BTW, since unfortunately, many of the fancies are Neural Crest Genetic Variants here many systems are affected. Neural Crest Genetic Variants are a very hot area for human medical genetic investigation. According to something I found in a search at NIH months ago, one of the most recent areas the NIH is starting to have looked into is into in relation to these variations is kidney problems (which pleases us since our two with cystine stone formation problems on diets over 35% protein both have neural crest variant markings -- neither with the head marking but both with extraneous body and limb white spots and splotches -- so we need more info on this ourselves). Among the medical problems KNOWN to increase IN RATE in mammals (i.e. not all will have the problems and there are those without neural crest genetic variants who have other causes or co-causes (if there can be such a word) of these problems with some of the neural crest variants are: cardiomyopathy (especially hypertrophic but to a lesser extend dilative), malignancies (for a few types), syndactyly and polydactyly, dysphagia (trouble swallowing right), jaw malformations, deafness, messed up GI innervation, and much more.
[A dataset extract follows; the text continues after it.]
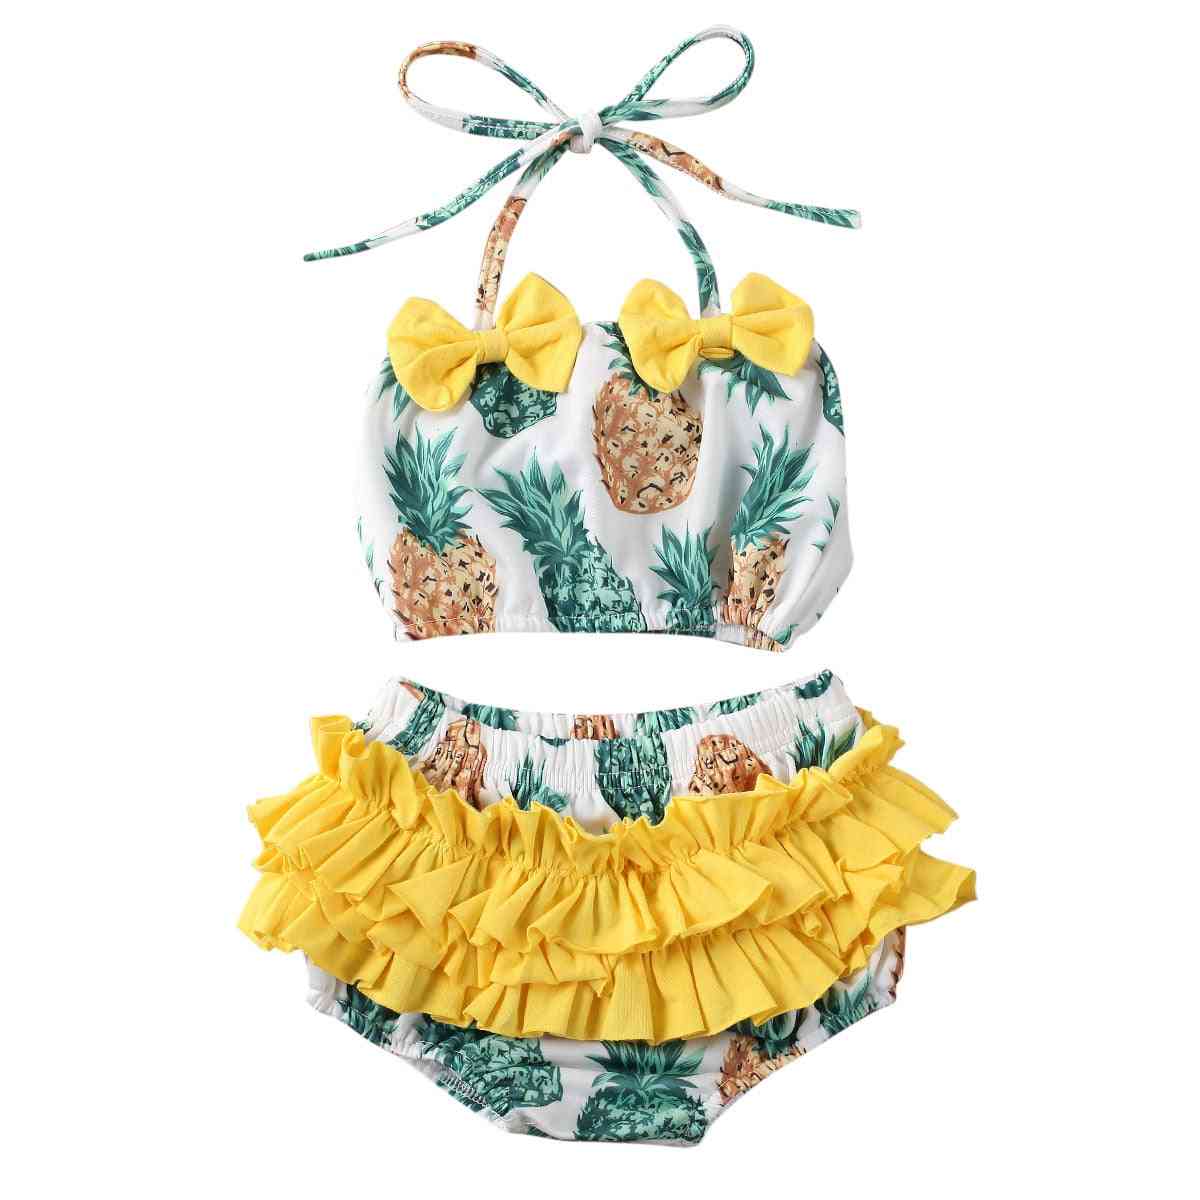 Fată bebeluș vara costum de baie cu imprimeu ananas și pepene verde, bikini pentru copii, costum de baie cu volan

One of the best ways right now to look at known info on neural crest variations in mammals is by getting or borrowing the most recent text books or journals of human medical genetics counselors. Highly recommended!

Chris knows about this genetic consideration, but for those who do not, the neural crest is a very early fetal area (before there are actual organs) the cells of which develop into a range of later cell types (mostly nerves, but also pigment, some ear structures, and more) and migrate to what become many areas of the body. That is why so many things can be damaged by altering those early fetal cells and it is why there is "variable expression" (some generations seeming fine or having only a few problems but other individuals having major health consequences).

Geneticist, Dr. Brett Middleton put it most accurate when he wrote about neural crest variant ferrets in:
http://ferrethealth.org/archive/browse.php?msg=YG3069

BEGIN QUOTE

> OK, make that three - What is your personal opinion with regard to
> the breeding of these individuals?

I, myself, would not. As I see it, there are only two other choices:
breed them without regard for health (not very ethical), or embark on a
full-scale program to develop healthy strains of marked ferrets (which
would involve large amounts of inbreeding and ruthless culling, with
all the attendant heartbreak). All for the sake of a characteristic
that is of no particular benefit to the animals or the species. Look
at all the horrible things that have been done to so many breeds of
dog, cat and livestock -- all resulting from breeding programs that
treat animals as some kind of artwork to be molded according to some
abstract esthetic standard divorced from any concept of biological
reality.

The responsibility of breeders to consider the well-being of the animal
in their selection programs is an aspect of animal welfare that is too
often neglected. Too many people who would never consider beating or
starving their animals suddenly seem to lose all sense of ethical
limits when it comes to breeding them.

END QUOTE


Veterinarian, Dr. John Lewington has been looking continually at genetic medical vulnerabilities in ferrets. See pages 92 and 93 of his current text for the ones now in print in a vet text, and watch things he writes for more info. This is an important area which is still too neglected in many ferret vet texts which is truly sad. People know how important it is to dogs and cats; they know how important it is to humans, but they forget how important it is to ferrets, and too few ferret breeders keep good and reasonably complete health and longevity records even now (THOUGH DOING SO HAS HAPPILY INCREASED ACCORDING TO WHAT SOME BREEDERS HAVE SAID).

(Okay, genetic problems in ferrets is one of my hot buttons but it derives from seeing a lot of bad health changes over the decades and doing a lot of reading...)

Ferret-Genetics in Yahoogroups has a lot on such studies and the abstracts and links to many references can be found there, though sadly some great ones seem to have been lost to the archives through age. Pubmed is also recommended.